=== Description of the task ===
Copy out the data from the line containing "New Harrogate Office | Watson Woodhouse" to its last line, exactly. No pictures.

=== Data segment ===

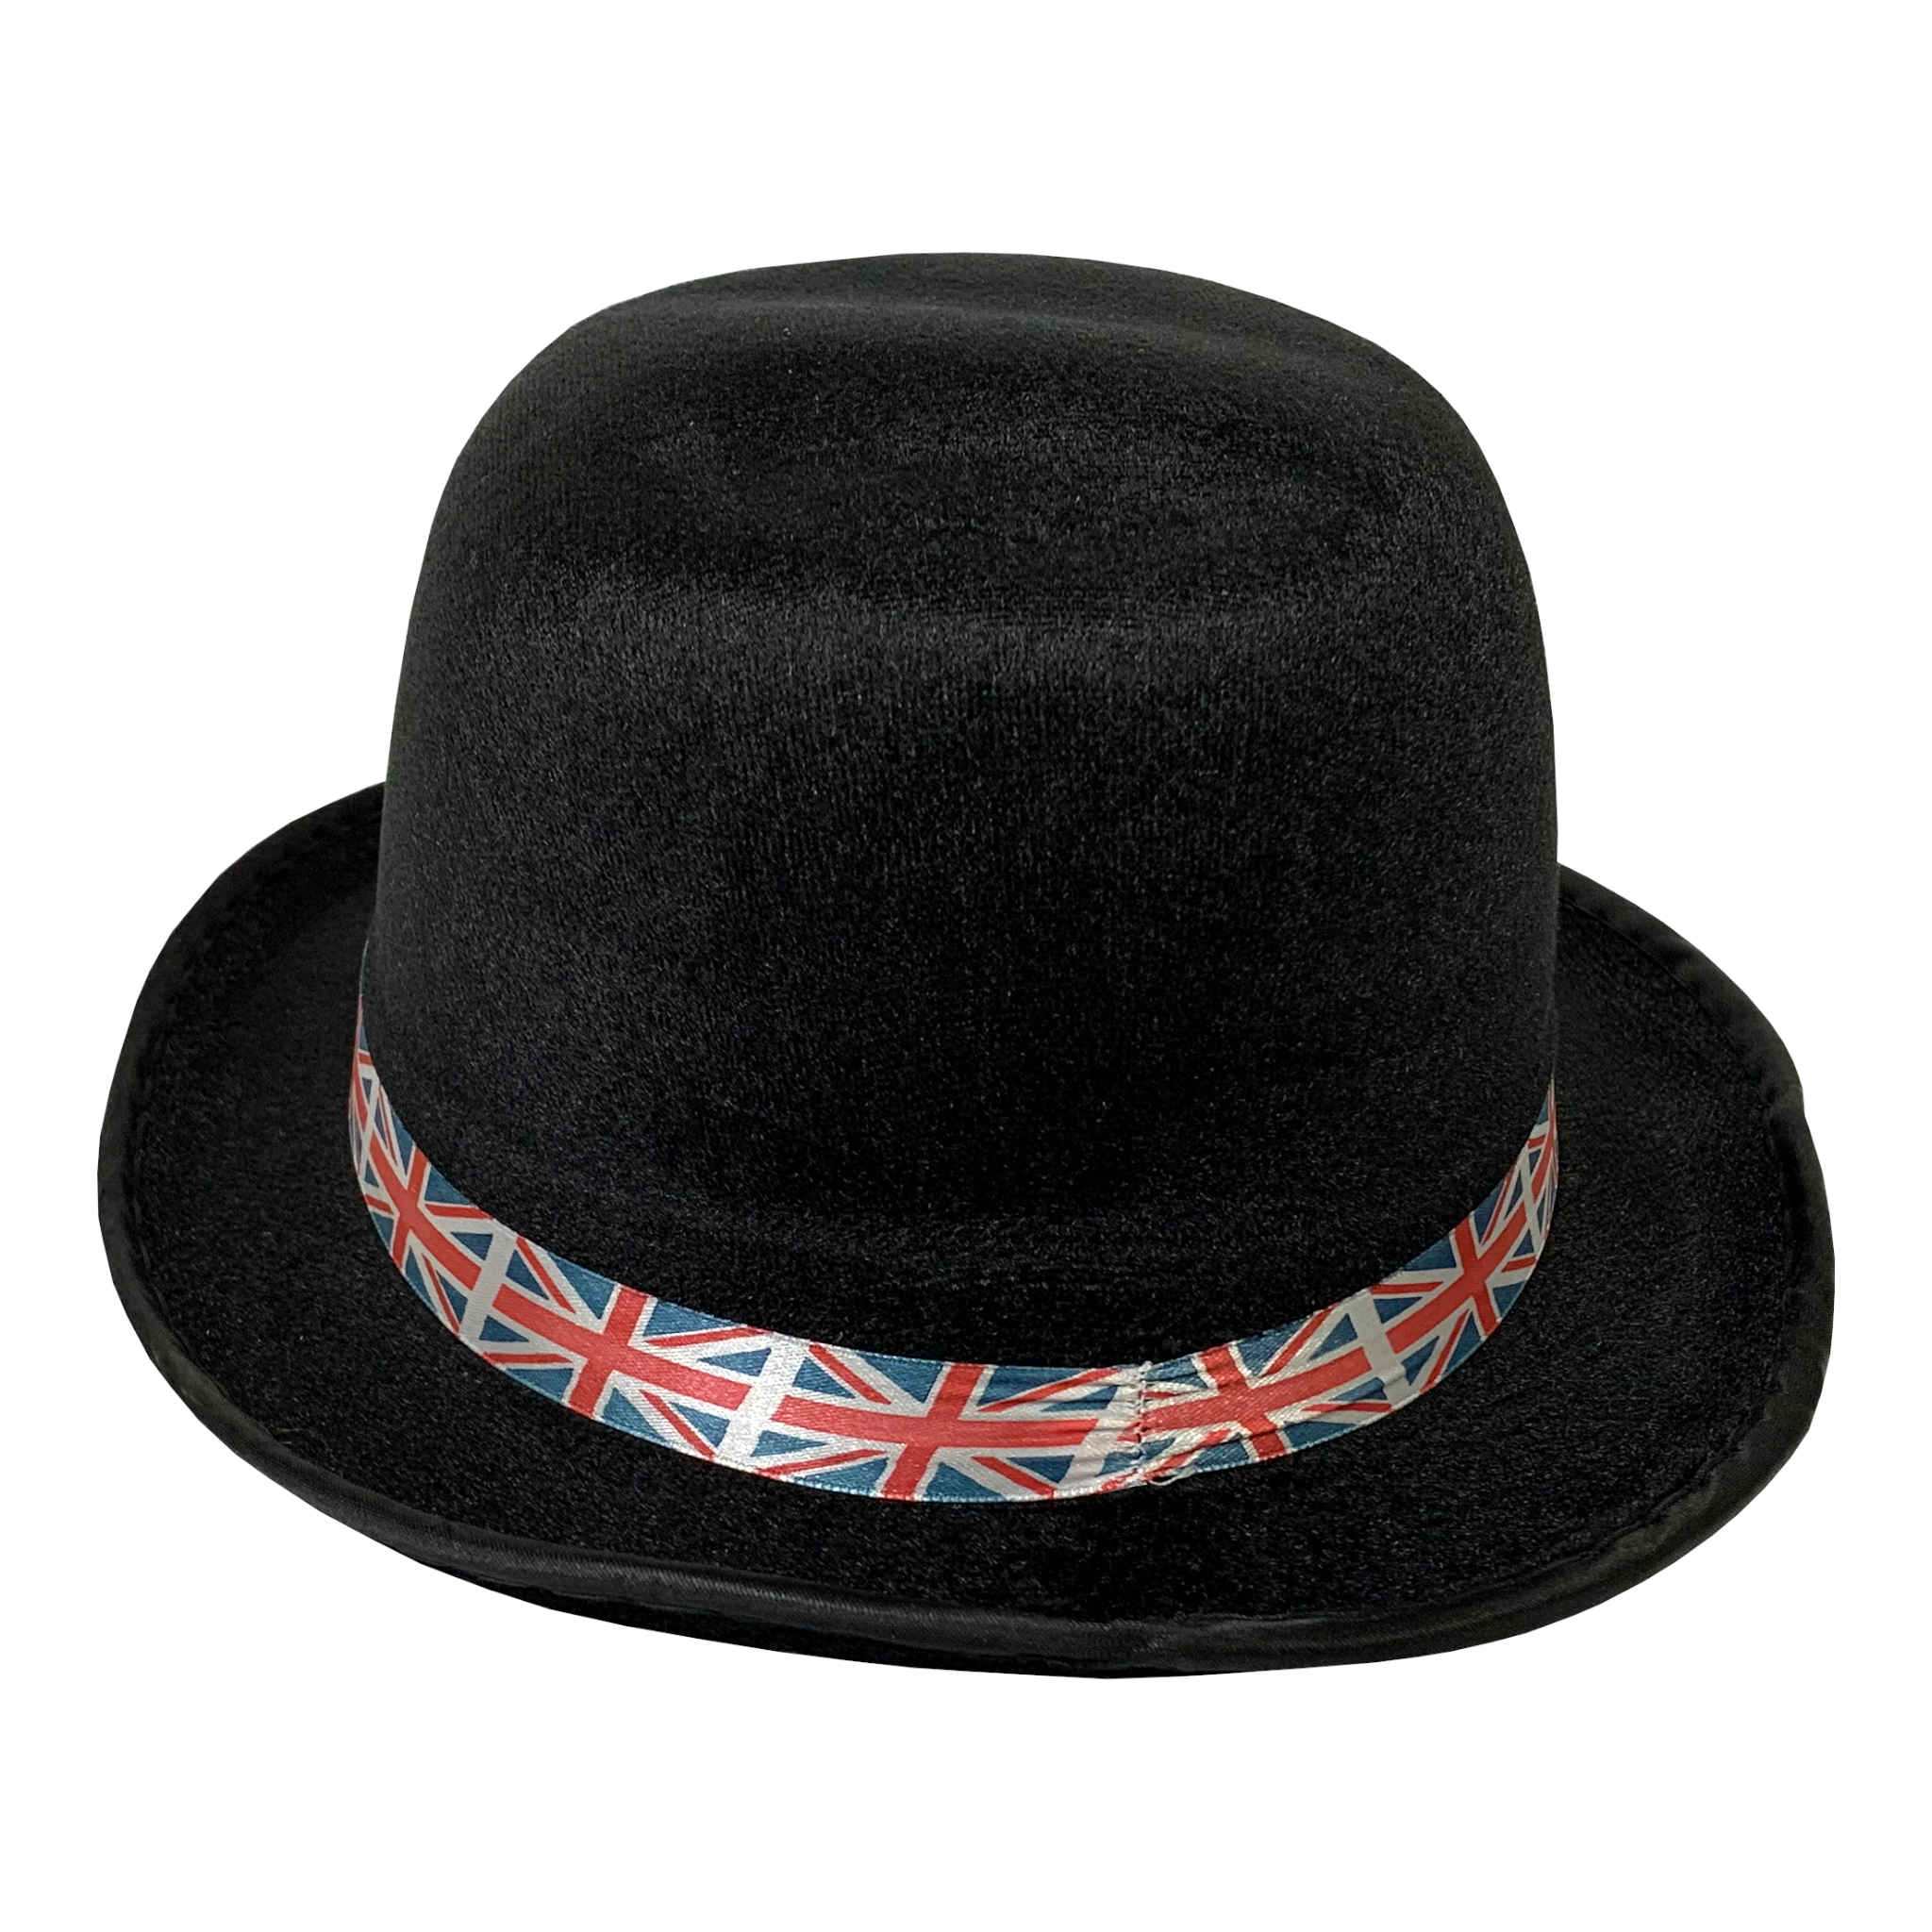 Union Jack Bowler Hat | Adult Size | Black
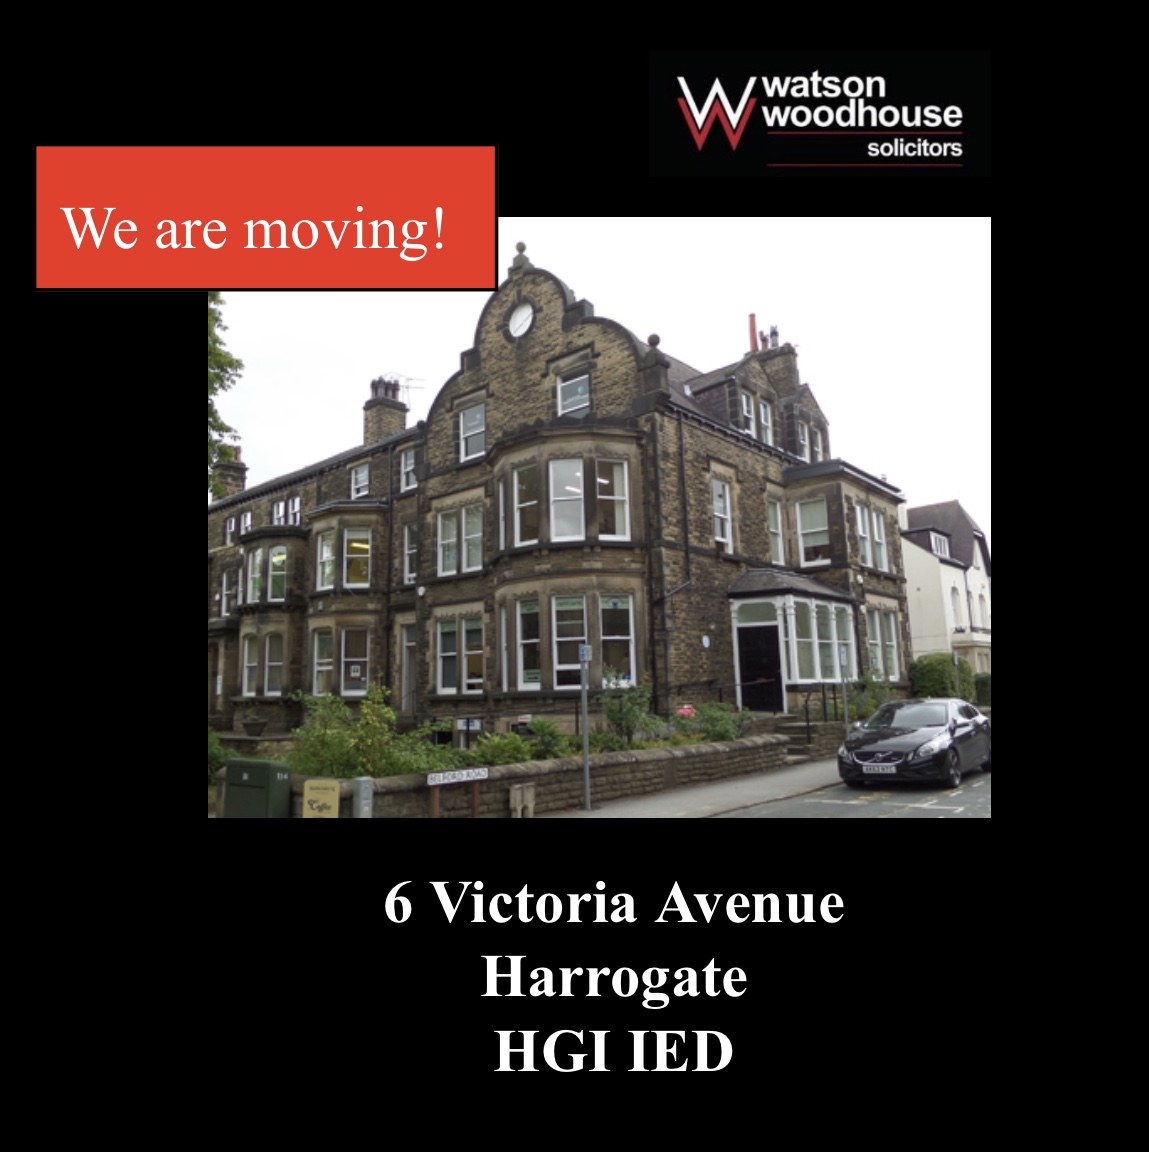 New Harrogate Office | Watson Woodhouse
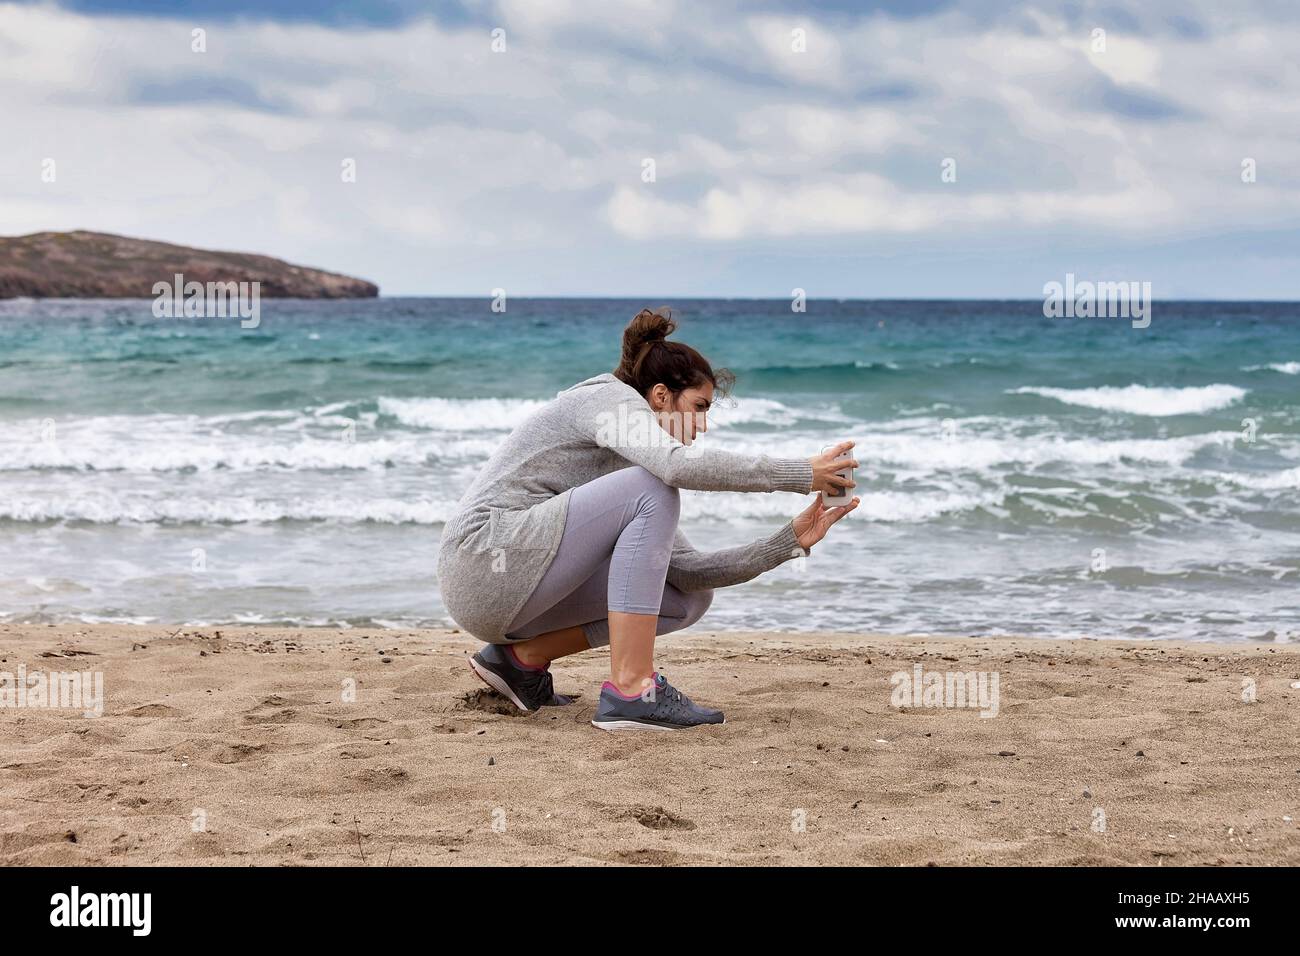 Frau, die ein Foto gemacht hat. Junge Fotografin, die sich am Sandstrand beugte und mit dem Smartphone eine Meeresaufnahme machte. Stockbild, Stockfoto

=== Written reply ===
 New Harrogate Office | Watson Woodhouse
 Frau, die ein Foto gemacht hat. Junge Fotografin, die sich am Sandstrand beugte und mit dem Smartphone eine Meeresaufnahme machte. Stockbild, Stockfoto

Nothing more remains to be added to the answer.